First, for a specific TF, the presented D-SSCA model is constructed on other cell lines, and then used to predict TFBSs in the cell line of interest. The ChIP-seq datasets from GM12878, K562, Helas3 and Hepg2 cells are adopted in this study, because as shown in Figure 5A, most TFs across these cells are overlapped. As shown in Figure 5B, the average ROC–AUC of cross-cell line prediction is more than 0.8. However, across most datasets, the performance of the cross-cell line prediction is worse than the conventional prediction. This phenomenon indicates that the cell line-specific factors have dominant roles for TFs-DNA recognition, whereas the cell line-independent factors only play a supplementary role.

Performance of cross-cell line TFBSs prediction. (A) The overlap of TFs across GM12878, K562, Helas3 and Hepg2 cells. (B) The ROC–AUC comparison between cross-cell line prediction and conventional prediction. The cross-cell line prediction indicates that D-SSCA is constructed on other cell lines, and then used to predict TFBSs in the cell line of interest. (C) The ROC–AUC comparison between data augmentation and none augmentation. The data augmentation refers that D-SSCA is constructed using the universal dataset.
Figure 5

Performance of cross-cell line TFBSs prediction. (A) The overlap of TFs across GM12878, K562, Helas3 and Hepg2 cells. (B) The ROC–AUC comparison between cross-cell line prediction and conventional prediction. The cross-cell line prediction indicates that D-SSCA is constructed on other cell lines, and then used to predict TFBSs in the cell line of interest. (C) The ROC–AUC comparison between data augmentation and none augmentation. The data augmentation refers that D-SSCA is constructed using the universal dataset.

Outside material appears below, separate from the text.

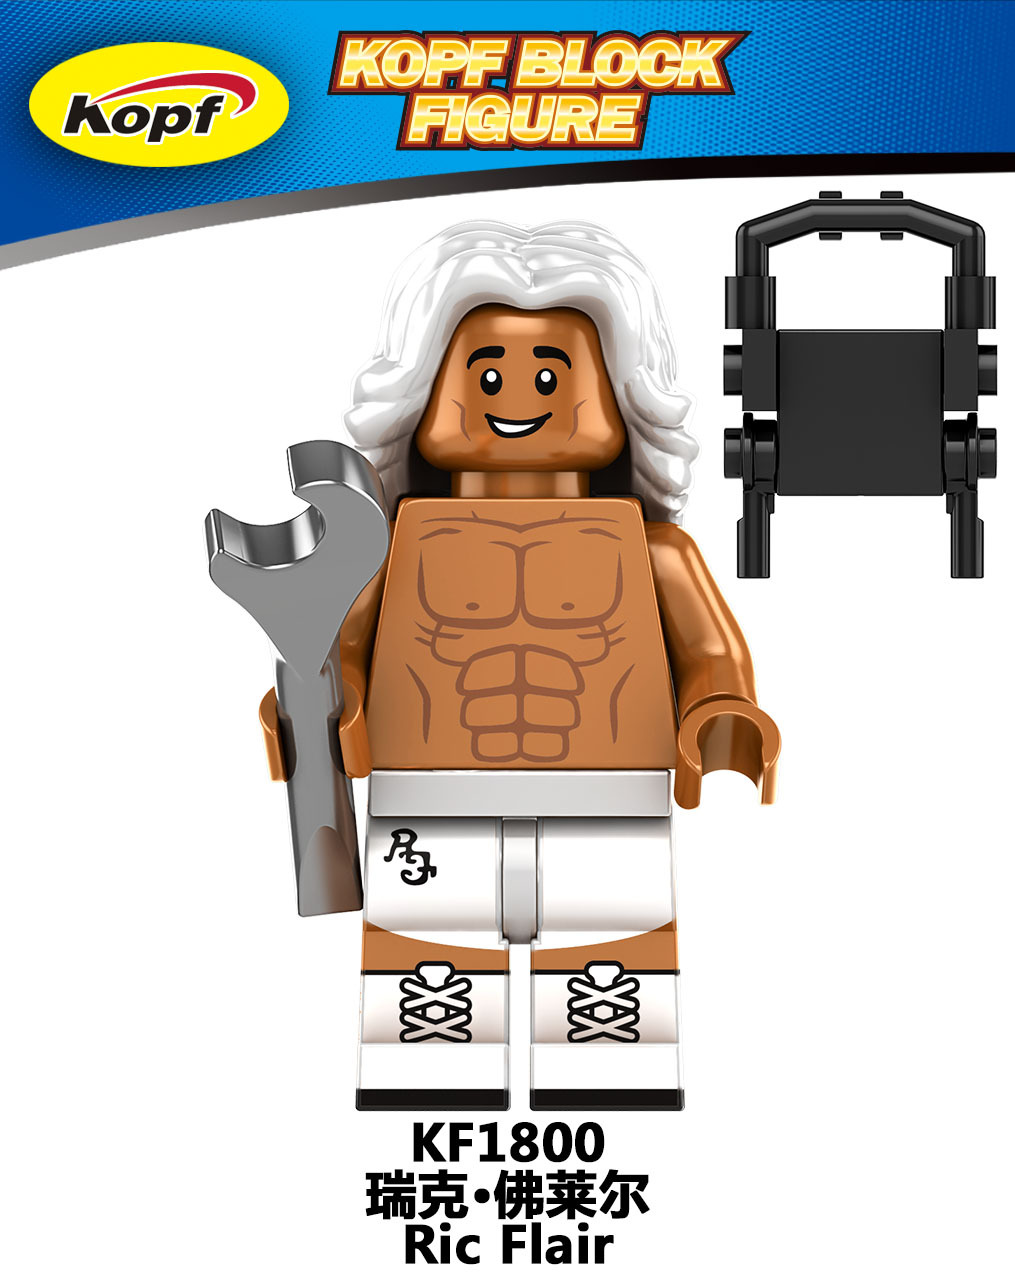 KF6171 KF1796 KF1797 KF1798 KF1799 KF1800 KF1801 KF1802 KF1803 Wrestling Superstar Rnady Savage Ted DiBiase John Cena Ric Flair The Rock StingMini Stone Cold Building Blocks Action Figures Educational Toys For Kids Gifts

Furthermore, to study the availability of the presented D-SSCA model to simultaneously capture cell line-specific factors and cell line-independent factors cross-cell lines, CoREST, EZH2, GATA3, JUN, MYC, Pol2b, SP2 and SRF are selected form the ChIP-seq datasets. The D-SSCA model is constructed on the universal dataset. Considering a specific TF, the universal dataset is composed of all samples from different cell lines. As shown in Figure 5C, prediction using universal dataset has better performance than conventional prediction on the entire datasets except for CTCF. This observation demonstrates that the performance of D-SSCA can be further improved by learning cell line-specific factors and cell line-independent factors cross-cell lines. Besides, sequence and shape features may have common interplay patterns across various cell lines. Nevertheless, whether shape features are cell line-specific factors or cell line-independent factors now await validation.

4 Discussion

Here, we develop a convolution attention-based method, named D-SSCA, to predict TFBSs by jointly combining sequence and shape profiles. There have been several attempts to incorporate attention mechanism to improve the predictive power of CNNs in TFBSs prediction by assigning of more importance on the actual TFBSs in the input sequence. However, aforementioned studies only focus on capturing spatial correlations between features. To this end, we leverage the channel mechanism to boost the representation power of D-SSCA by learning the complex inter-channel dependency of various latent features.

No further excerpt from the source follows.